- Opening Delimiter -

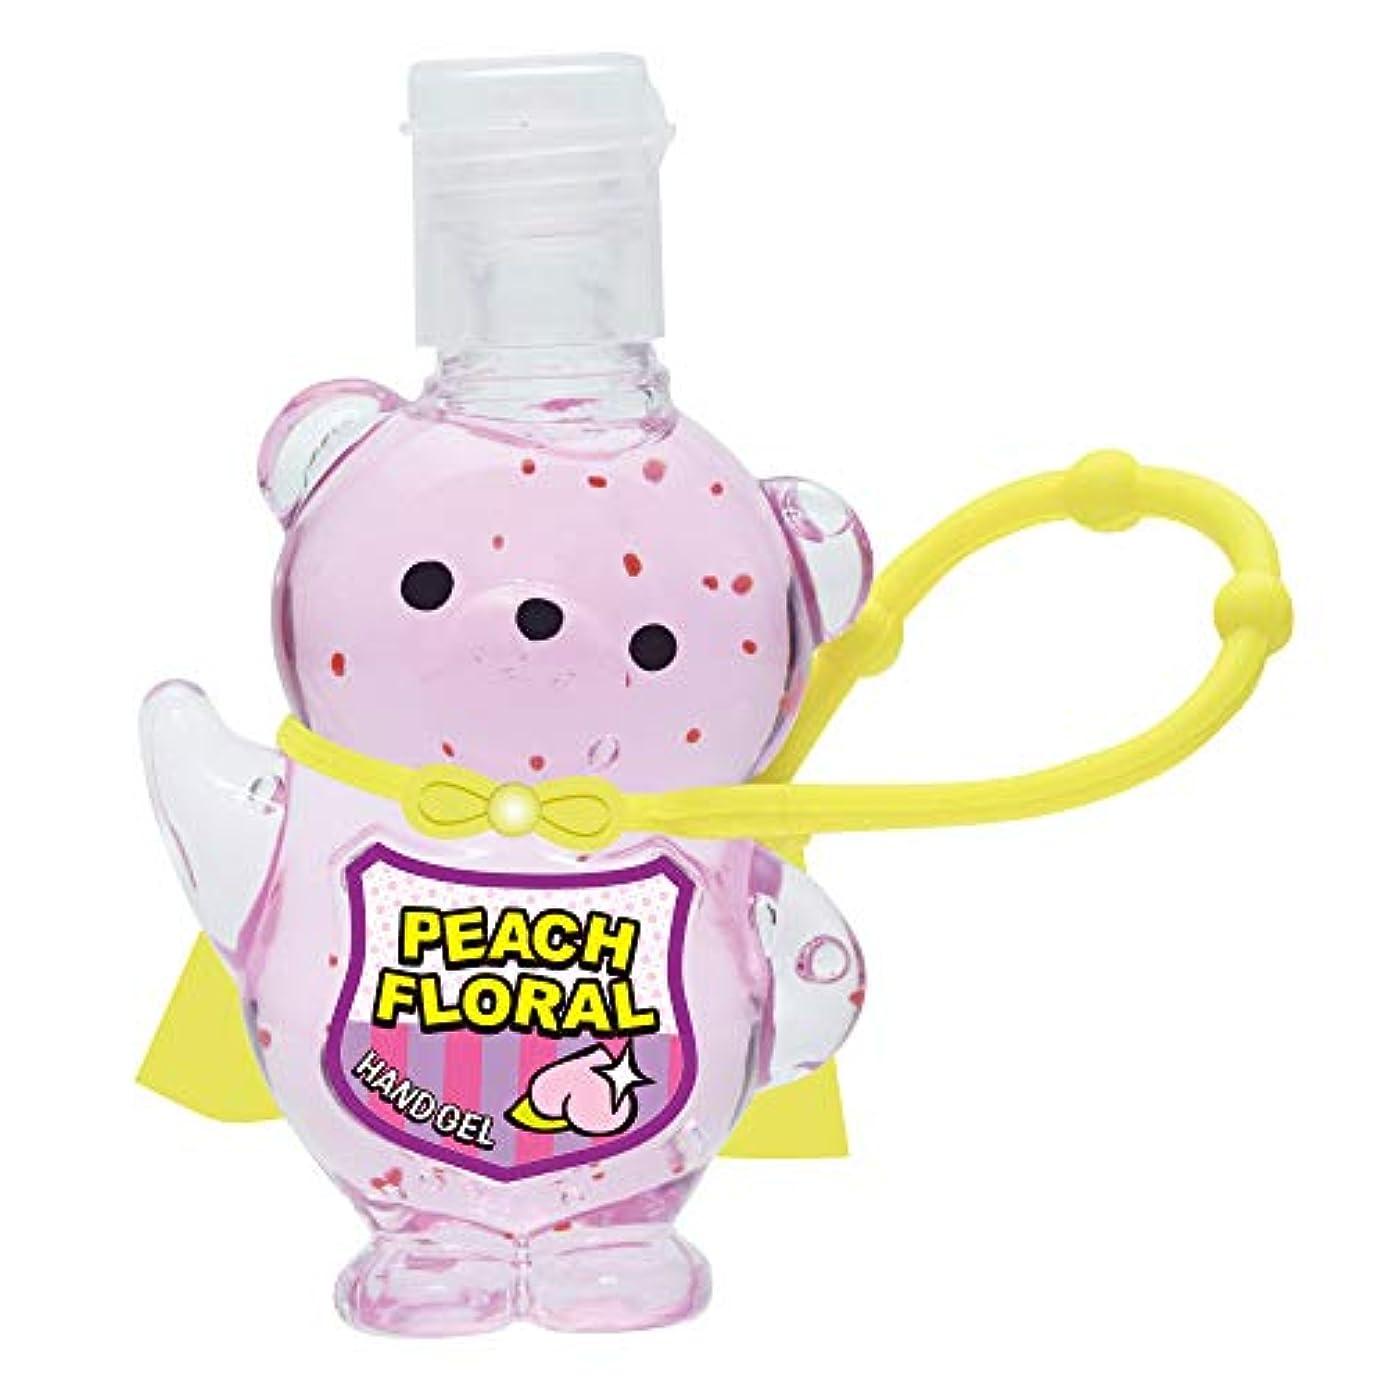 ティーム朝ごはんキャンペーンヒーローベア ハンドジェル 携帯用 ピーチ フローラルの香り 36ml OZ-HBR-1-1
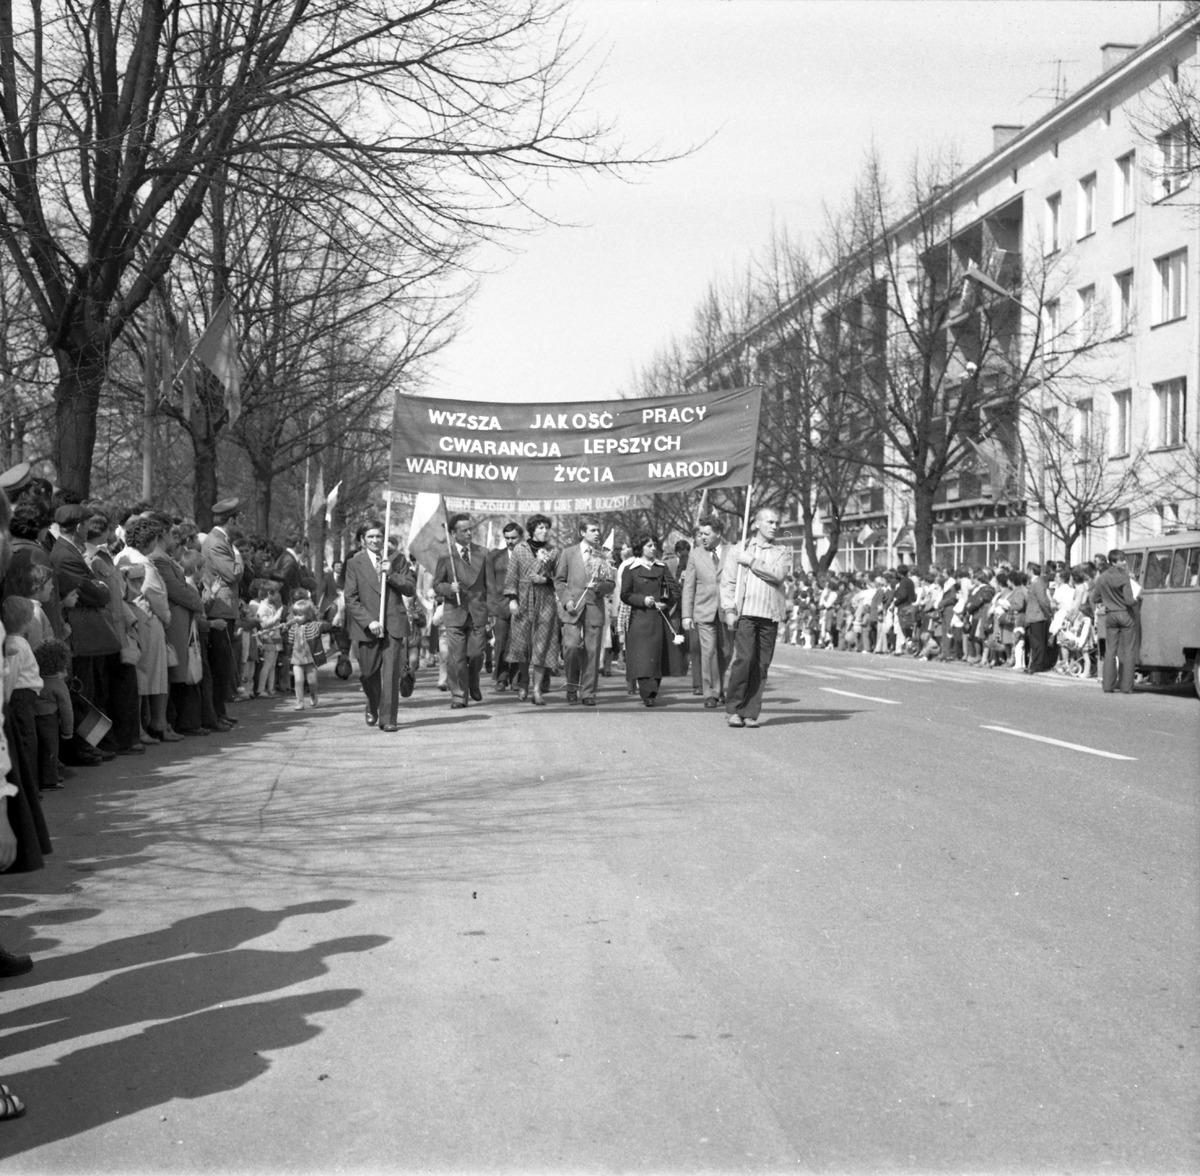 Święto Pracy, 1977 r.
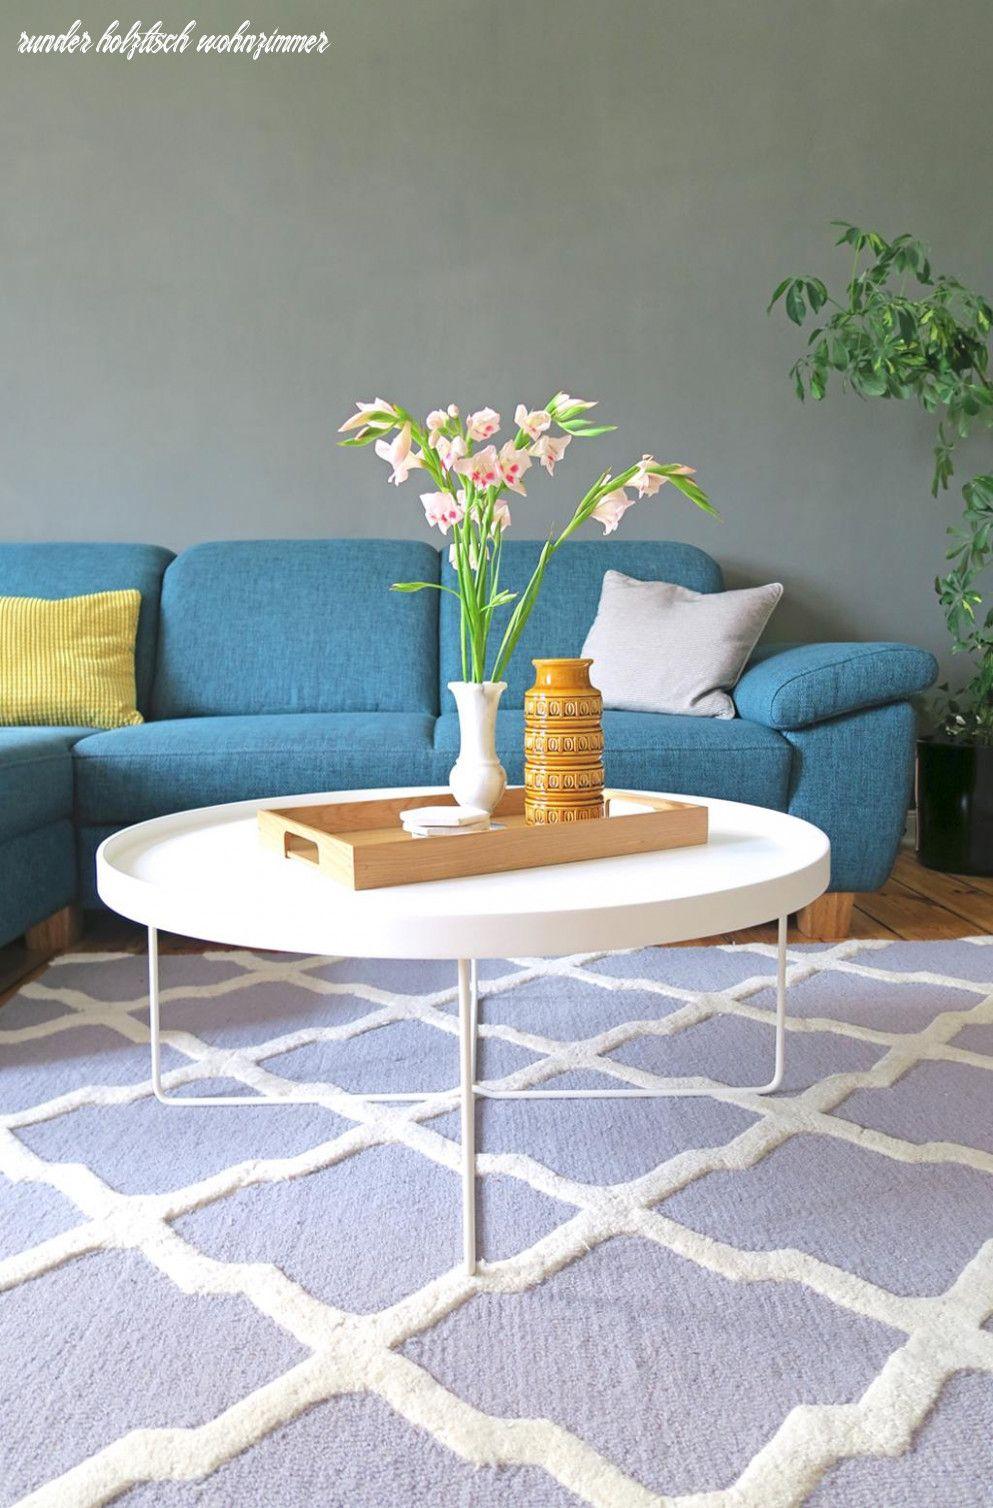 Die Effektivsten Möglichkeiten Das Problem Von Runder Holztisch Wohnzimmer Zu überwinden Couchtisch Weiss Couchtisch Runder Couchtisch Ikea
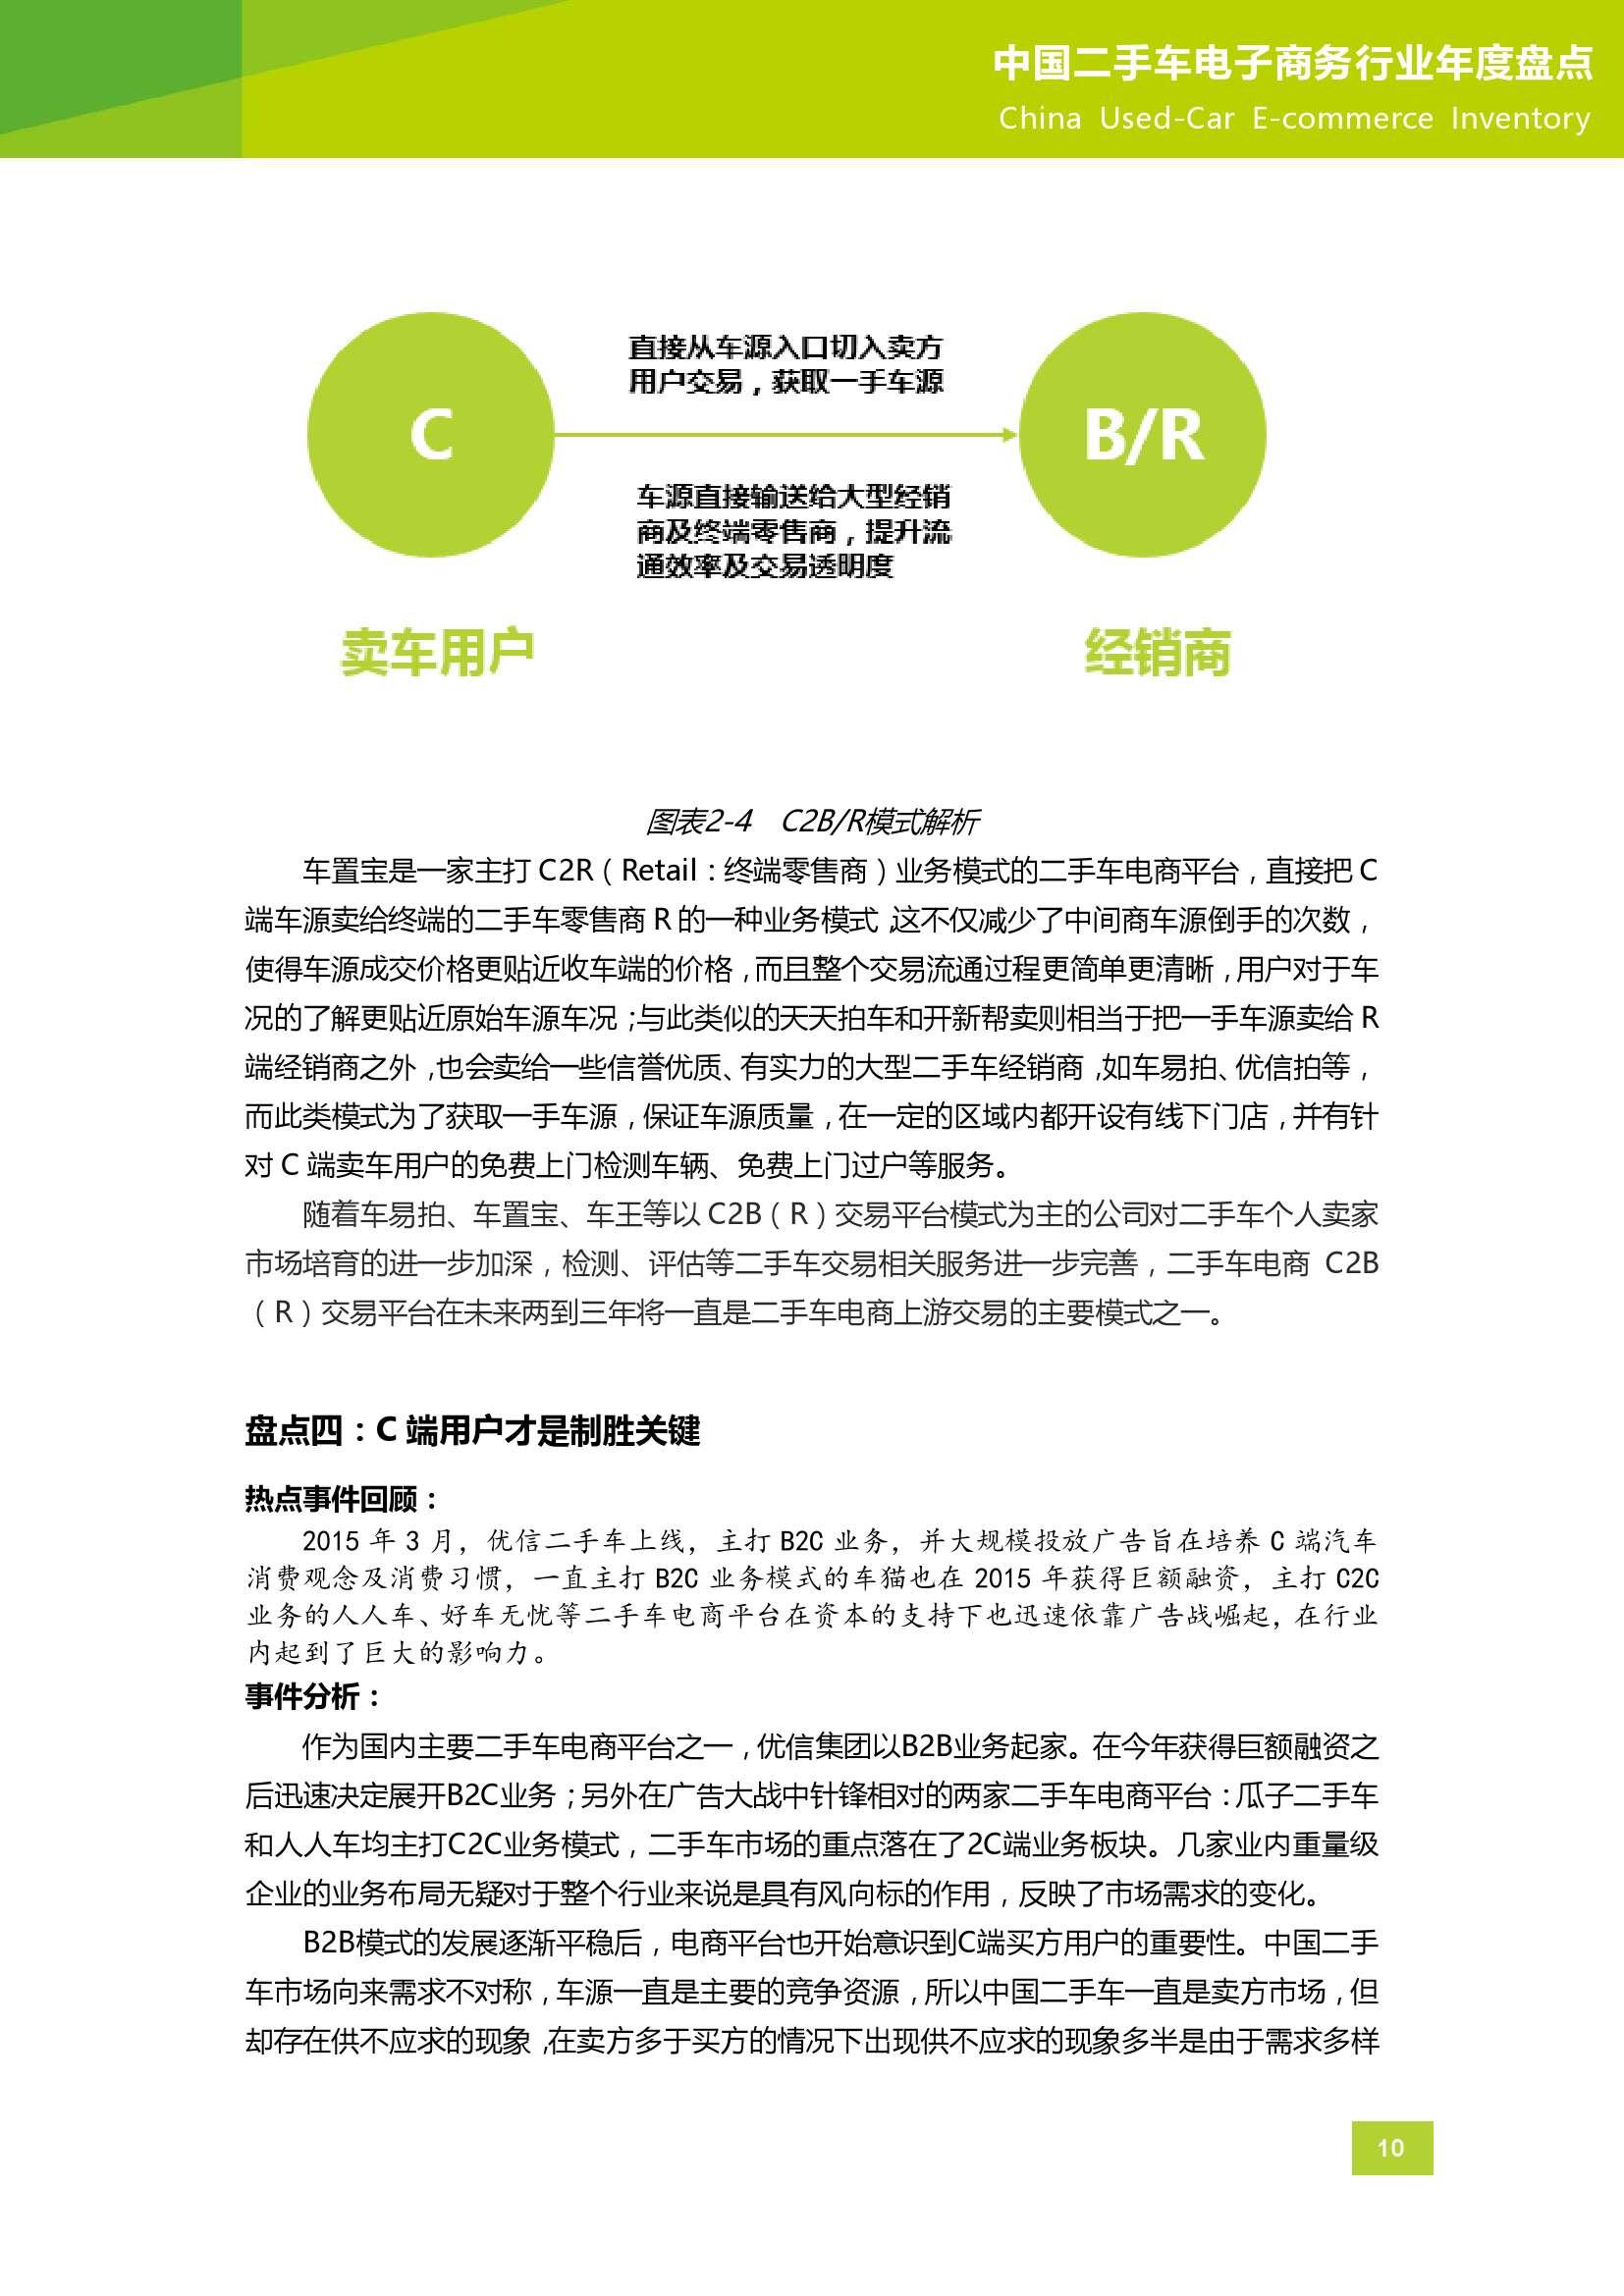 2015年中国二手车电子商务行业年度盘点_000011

- Closing Delimiter -

* WORK ORDER *
Leaving every picture aside, repeat the listing exactly.

* PROBLEM SOLUTION *
 ティーム朝ごはんキャンペーンヒーローベア ハンドジェル 携帯用 ピーチ フローラルの香り 36ml OZ-HBR-1-1
 Święto Pracy, 1977 r.
 Die Effektivsten Möglichkeiten Das Problem Von Runder Holztisch Wohnzimmer Zu überwinden Couchtisch Weiss Couchtisch Runder Couchtisch Ikea
 2015年中国二手车电子商务行业年度盘点_000011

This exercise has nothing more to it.